Julie gave my troubled expression a long, cold look. Then she uncrossed her arms and sighed heavily. ”Let me tell you about the one and only time I ever went into the Mist. Locke saved my life, too, once.”

She told me how the Mist had burned and she’d felt like she was losing herself in it. I recalled Wolf’s description of pain with horror. He’d told me how it was impossible to flee from the Mist’s bonds, describing a pain unlike any I’d ever experienced. Which was exactly why I struggled to believe him, because I’d never felt it, so it didn’t seem real. But did my experience mean I knew what it was like for others? Or could we be in the same boat yet sailing through different storms?

Julie had tried to flee, only to be hunted by some of the beasts. Then Locke had appeared, killed a fenriswulf that was about to make Julie its next meal, and then brought her here. It was almost uncanny, the similarities to my own plight and rescue. Without Wolf, I could have been victim to another fenriswulf. I wondered if the one Locke had killed was the twin brother Wolf had mentioned.

Now that I had Julie’s word to add to his, Wolf’s version rang truer. Was everything I believed wrong?

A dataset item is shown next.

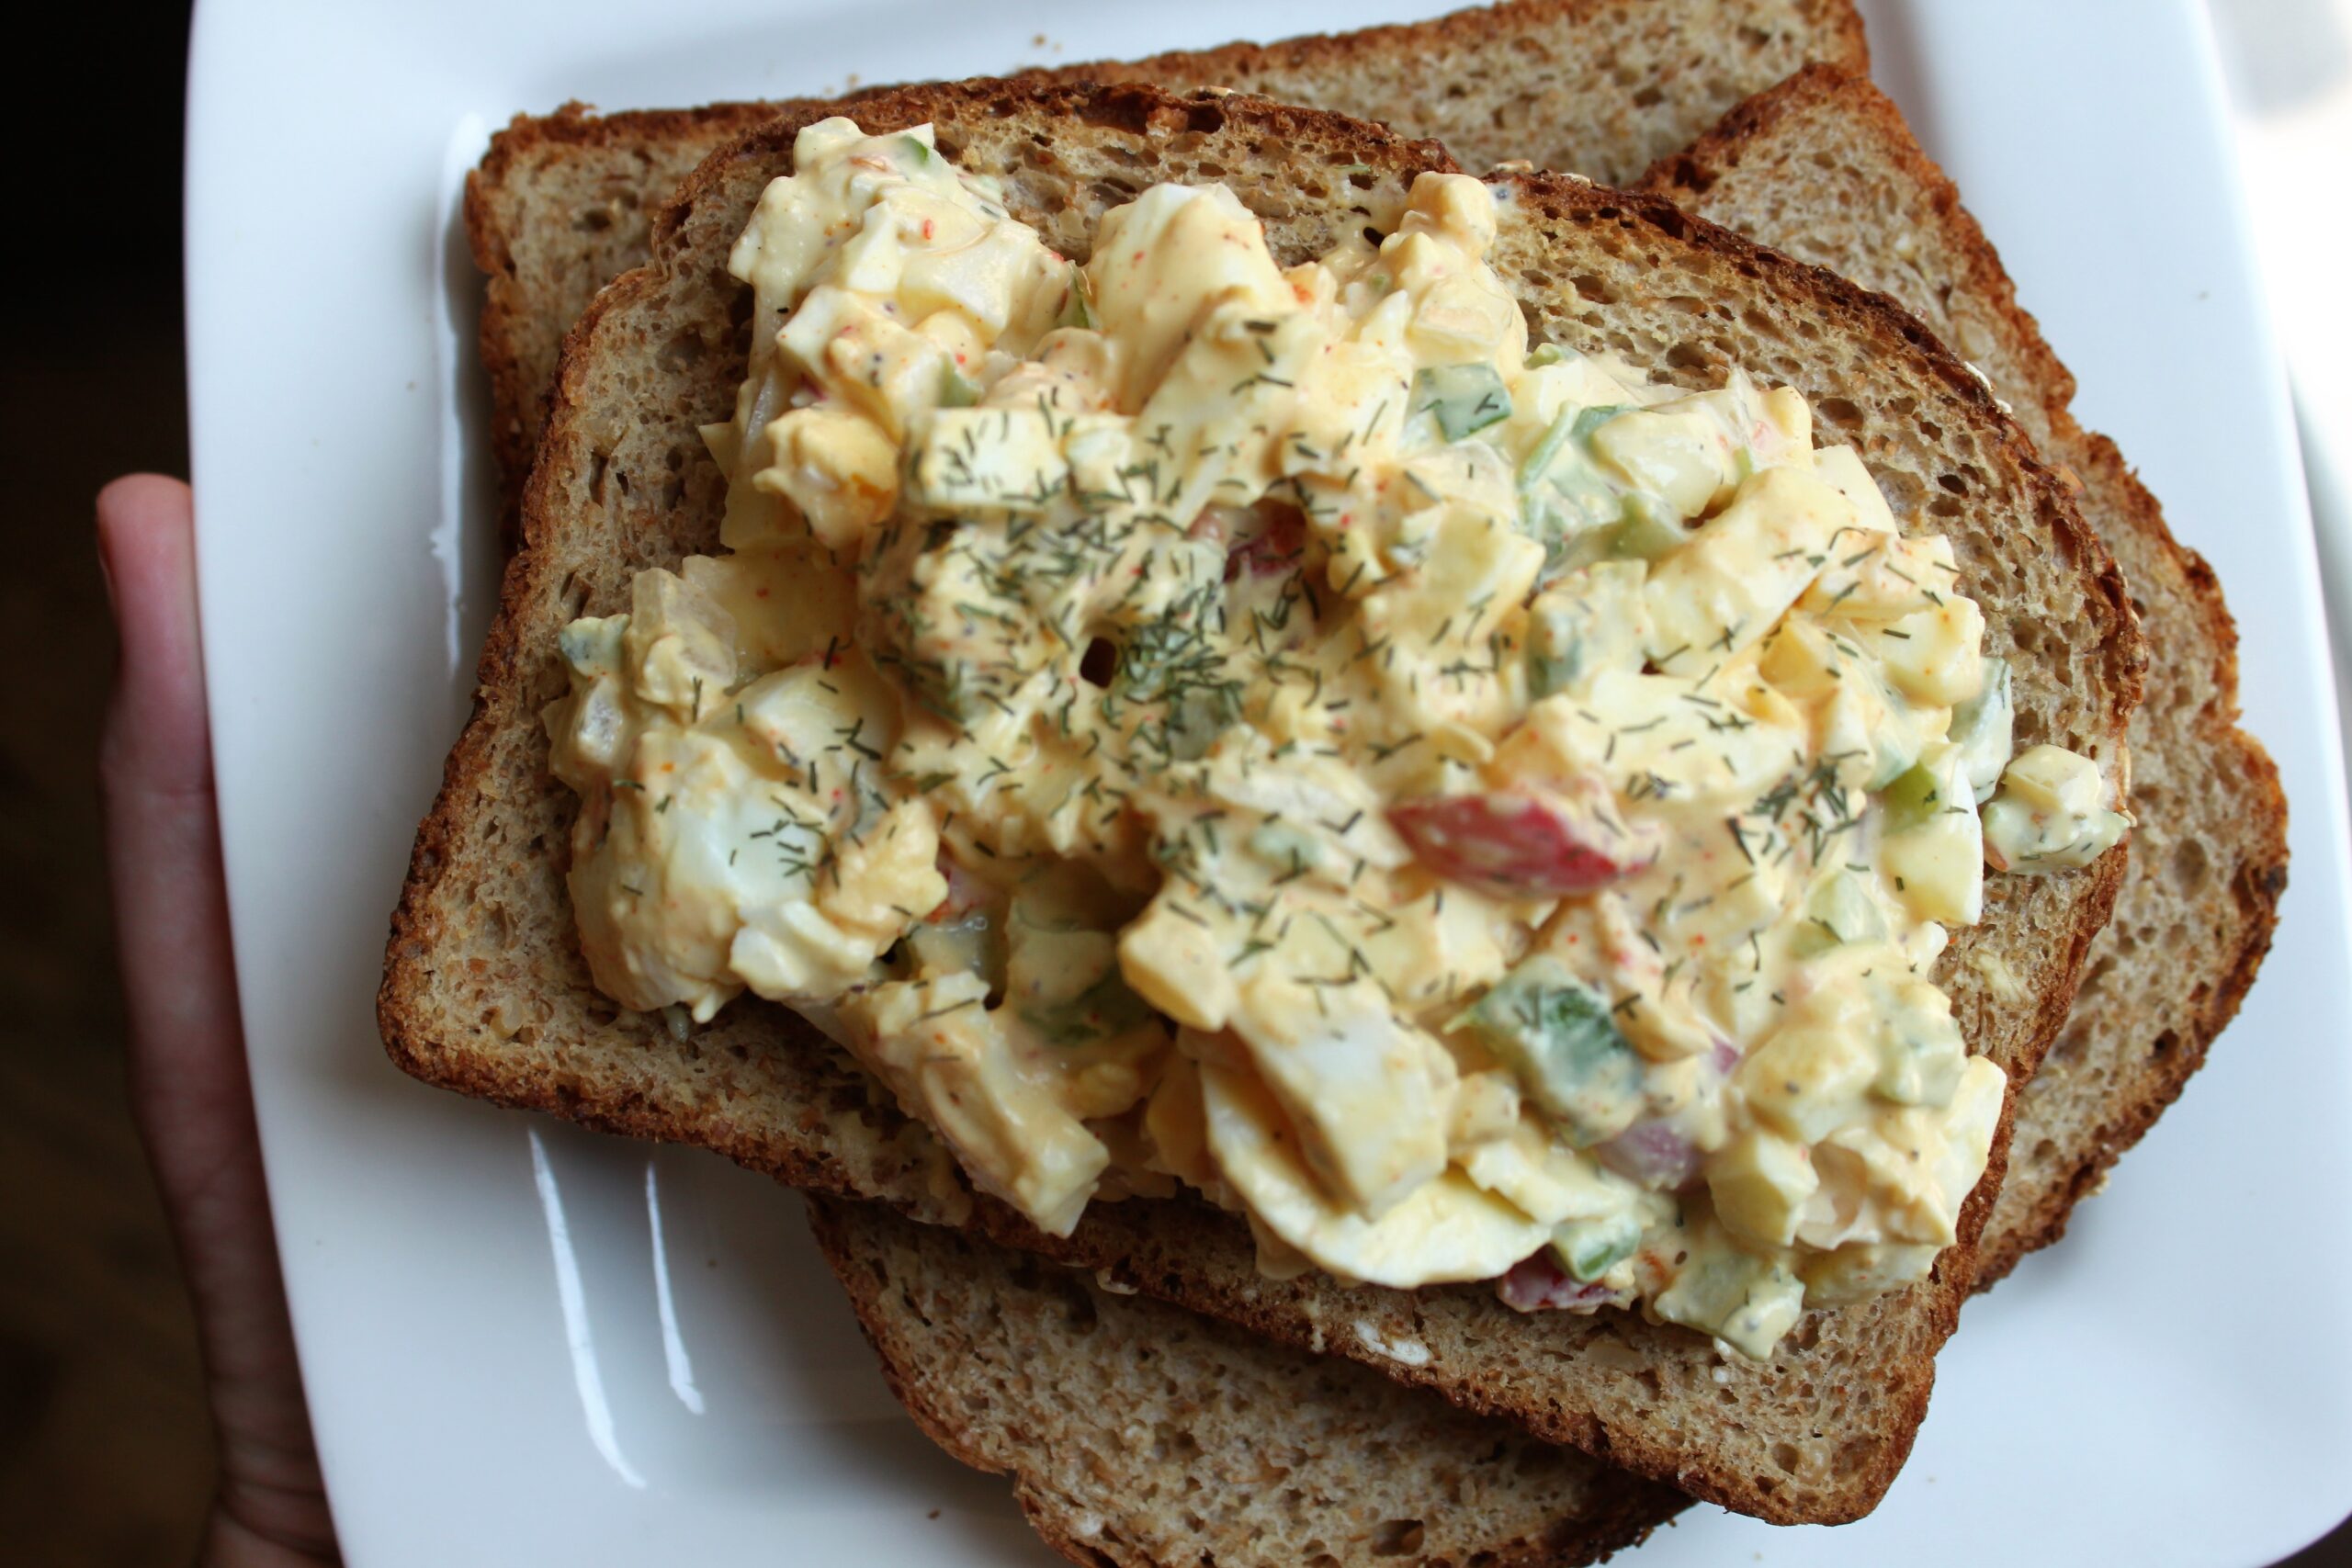 egg salad recipe, easy, home cooking

What if my truth was the lie?

“It’s really that bad?” My voice was a whisper.

Julie’s eyes were pitying. “It wasn”t just as bad as everyone says. It was indescribably worse.”

My foundation cracked. The ground I’d stood firm on for years was shifting, and I didn’t know what to do about it.

Worrying at my bottom lip with my teeth, I dreaded how much more Wolf had told me might be true. “Julie, have you heard of the Ruby Witch?”

“So you do know about the curse. Everyone knows the Ruby Witch’s name. She doomed our whole world.”

The food in my stomach turned to stone. I didn”t want to believe it, but why would Julie lie to me? Grandma was a witch.

“Why do you look like you just swallowed a fly?” she asked.

“I…I need you to tell me everything you know about gemstone witches.”

“What? Why?”

“Just...please?”

The woman was too smart to avoid reaching the obvious conclusion. ”Emi. Are you a witch?”

“No, I”m not, I swear. I have no magic, and…” I swallowed hard. “And even if I did, I would never hurt you.” It was as close as I’d come to admitting the possibility.

Her gaze was shrewd. Eventually, she nodded.

It turned out Julie knew a lot about gemstone witches. “For reasons I don’t want to get into, I spent a long time after my mother’s death researching magic and witches.”

As the lantern over the table sent flickering light dancing up the walls, she spoke of how witches are named for gemstones based on an affinity determined at birth, and how that stone will be their best magic conduit later. Julie explained how witches awaken their magic with a wish; the first wish they ever make determines what magic they will have.

I finally understood what Wolf had meant about wishing him dead.

There! That was proof I couldn’t be a witch. Surely I’d made wishes before. Not that I could think of any just then, but no one could have reached my age without wishing for…something.

“The Ruby Witch is infamous because her magic is curse magic, and powerful,” Julie explained.

While she finished, I racked my memories for a wish I’d made. It must have happened. I’d been sad about not feeling love from my father and not being interesting enough for Jade, but I’d always just pushed those sorrows down. There was no point wishing for something that wouldn’t change, so I hadn’t. Feeling sorry for myself wasn’t the same as wishing things were different. What would have been the point in that? That would have been like wishing my mother hadn’t left us, or that the townspeople would magically like me the way they did Jade. It seemed absurd to think anything so simple as a wish could change anything, so I’d never tried.

Something small, then. Surely I’d made an accidental wish somewhere along the way. Hadn’t I?